HC Deb 20 November 2003 vol 413 cc1265-6W
Mr. Keetch

To ask the Secretary of State for Defence how many members of each service are medically downgraded; what percentage of the trained strength this represents; and if he will make a statement. [139273]

Mr. Caplin

[holding 19 November answer 2003]The fact that an individual is medically downgraded does not mean that they are not working. The vast majority of those downgraded will be working normally, albeit with their deployability limited by their medical condition. Those who are categorised as medically downgraded includes not only those who are ill, or injured and awaiting treatment, but also pregnant personnel, and personnel who are permanently downgraded because of a long-term condition, but are retained in the Services in recognition of their training, skills and experience.

The latest figures available are for July 2003, when the following numbers of trained Regular Service personnel were reported to be in a medically downgraded category.
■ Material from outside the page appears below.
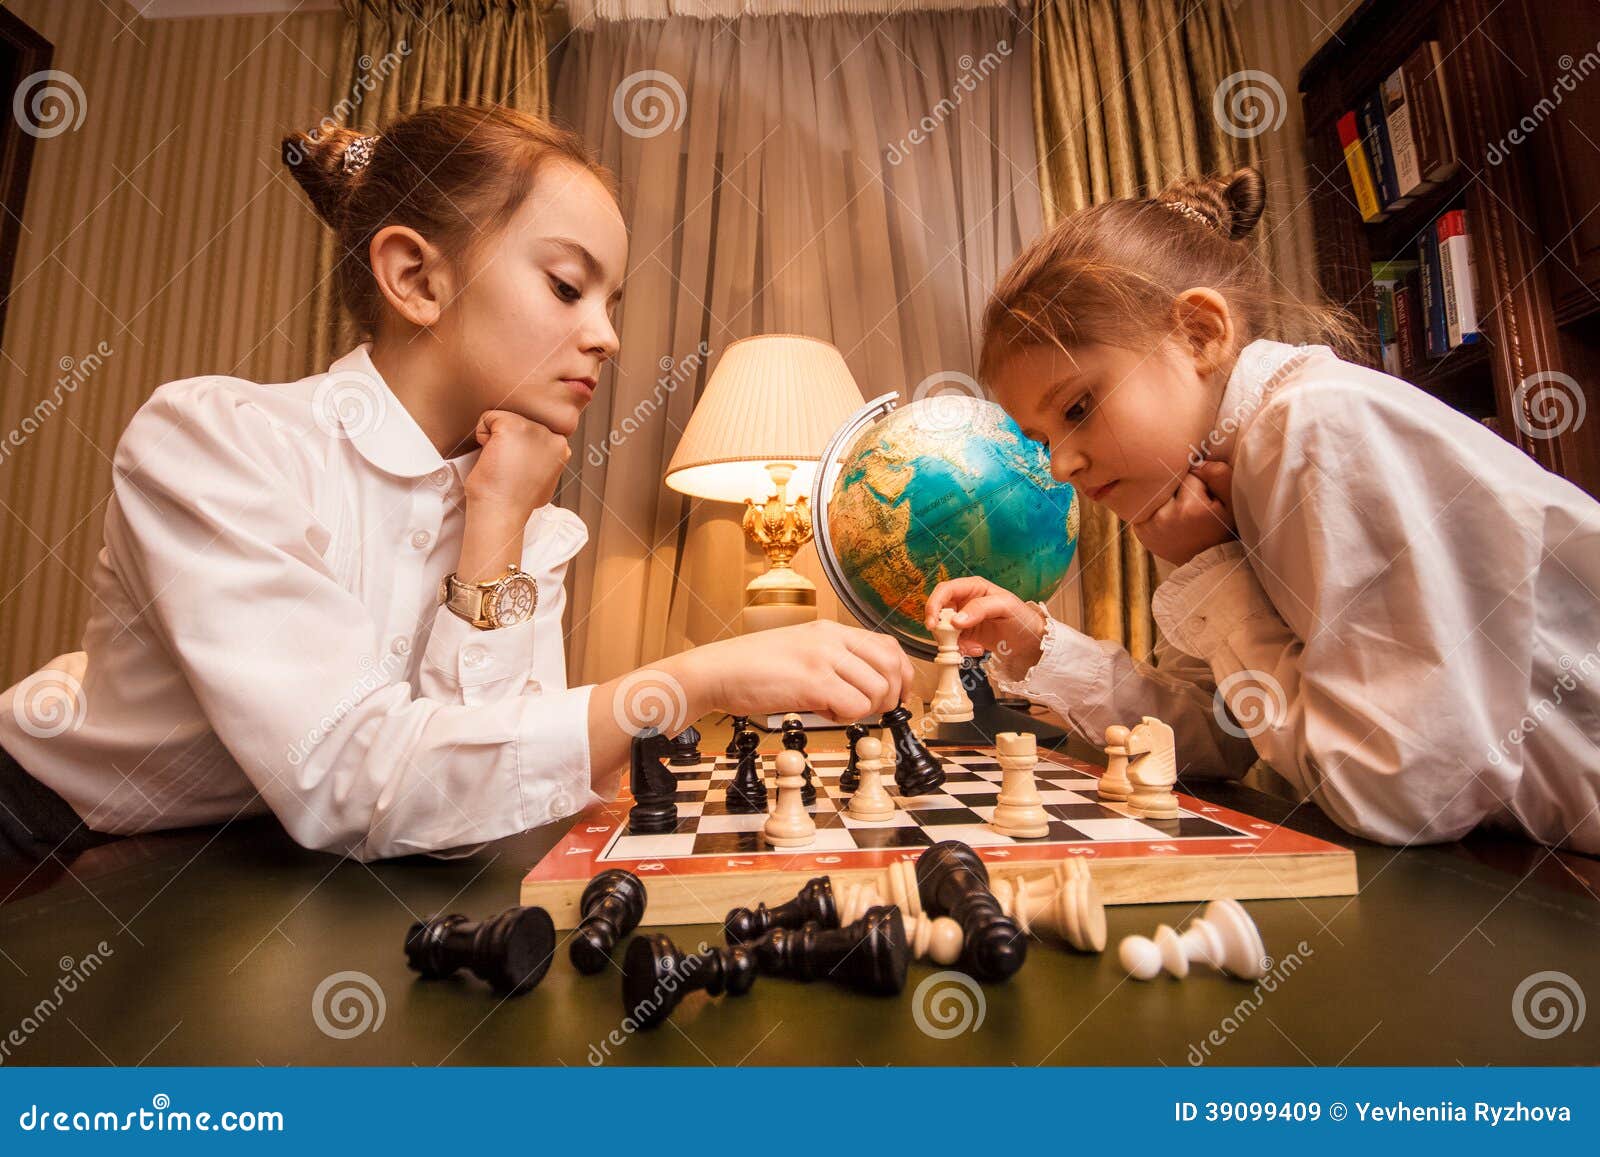 Porträt Von Zwei Kleinen Schwestern, Die Schach Spielen Stockbild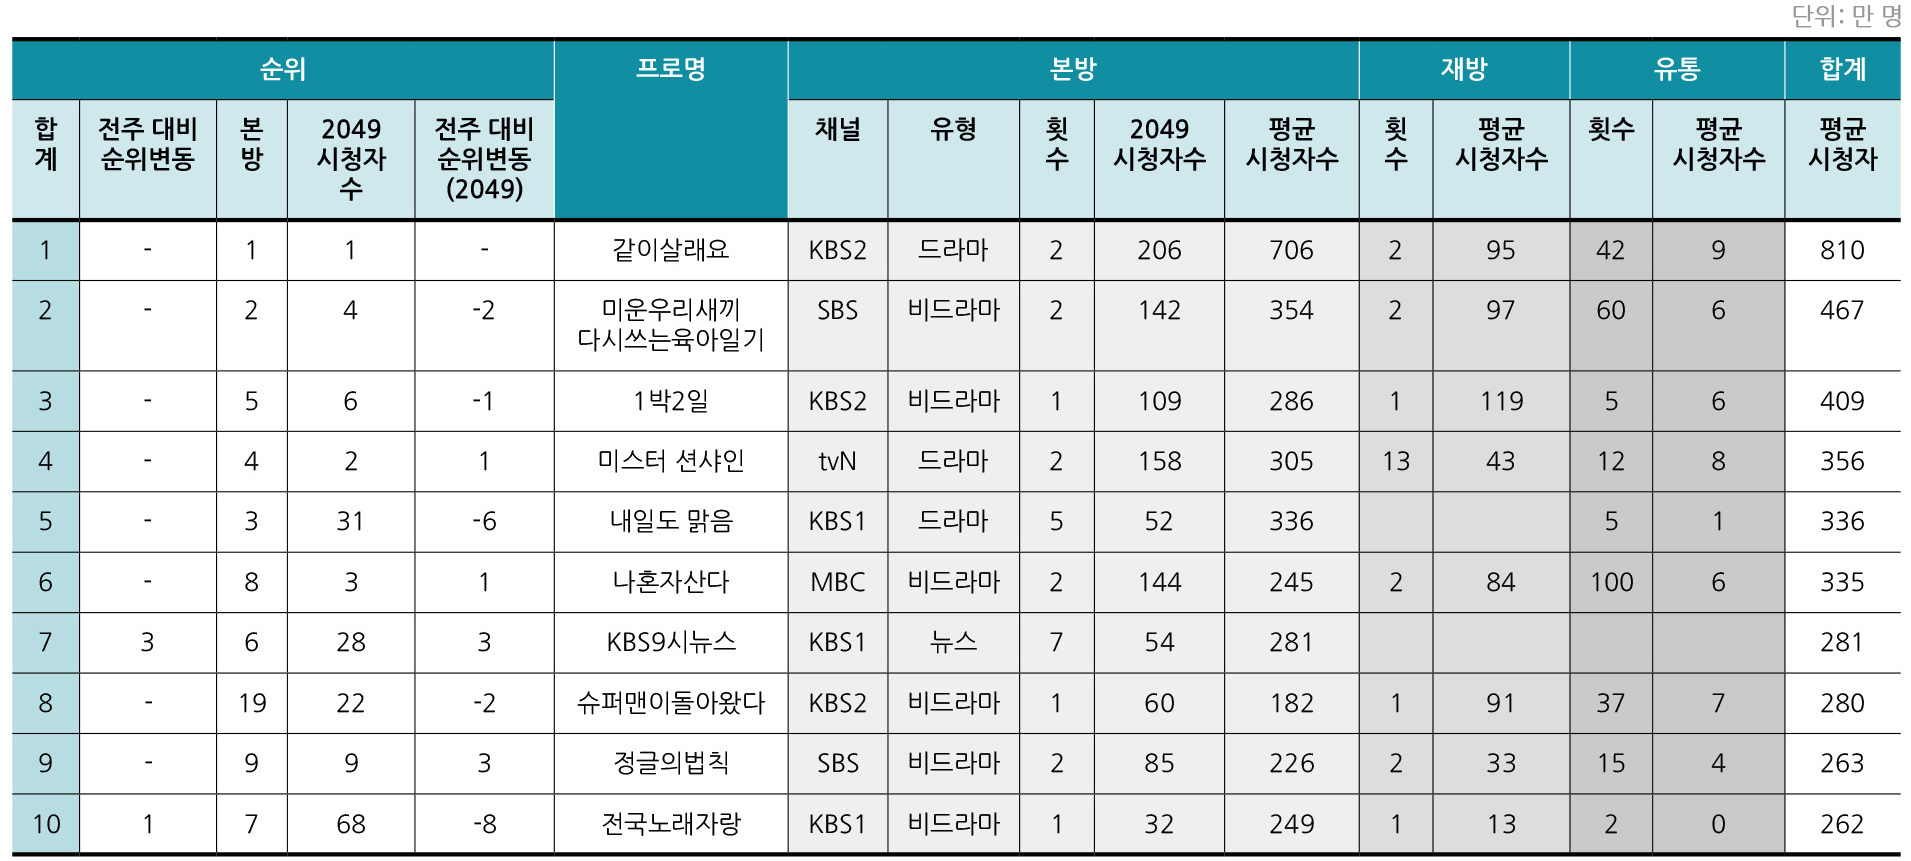 PIE-TV주간 7월마지막주 Top10 리스트

Total number of trained personnel in medically downgraded category Percentage of trained strength, by Service, who are medically downgraded
Royal Navy 2,410 8.0
Royal Marines 590 9.2
Army1 10,600 12.5
Royal Air Force 4,470 9.2
1 Figures are not currently available for Army Officers

Notes:

1. These figures exclude Full Time Reserve Service personnel (FTRS), Gurkhas, Royal Irish (home service) and reservists who have been mobilised for duty.

2. The Royal Navy and Royal Marines figures are based on their Medical Category, and are all those who are not categorised as P2 (Fit for worldwide service without restriction)

3. The Army figures are based on the PULHHEEMS standards, showing those who are not able to be graded Forward Everywhere (FE), which means that they are not employable in full combatant duties, in any area, in any part of the world. The figures include those who are temporarily and permanently downgraded.

4. The RAF figures are based on the Medical Employment Standard, and are all those who have a limitation against their "Ground" work capability.

As the Services each have a different method of determining who is medically fit for role, the figures are not comparable.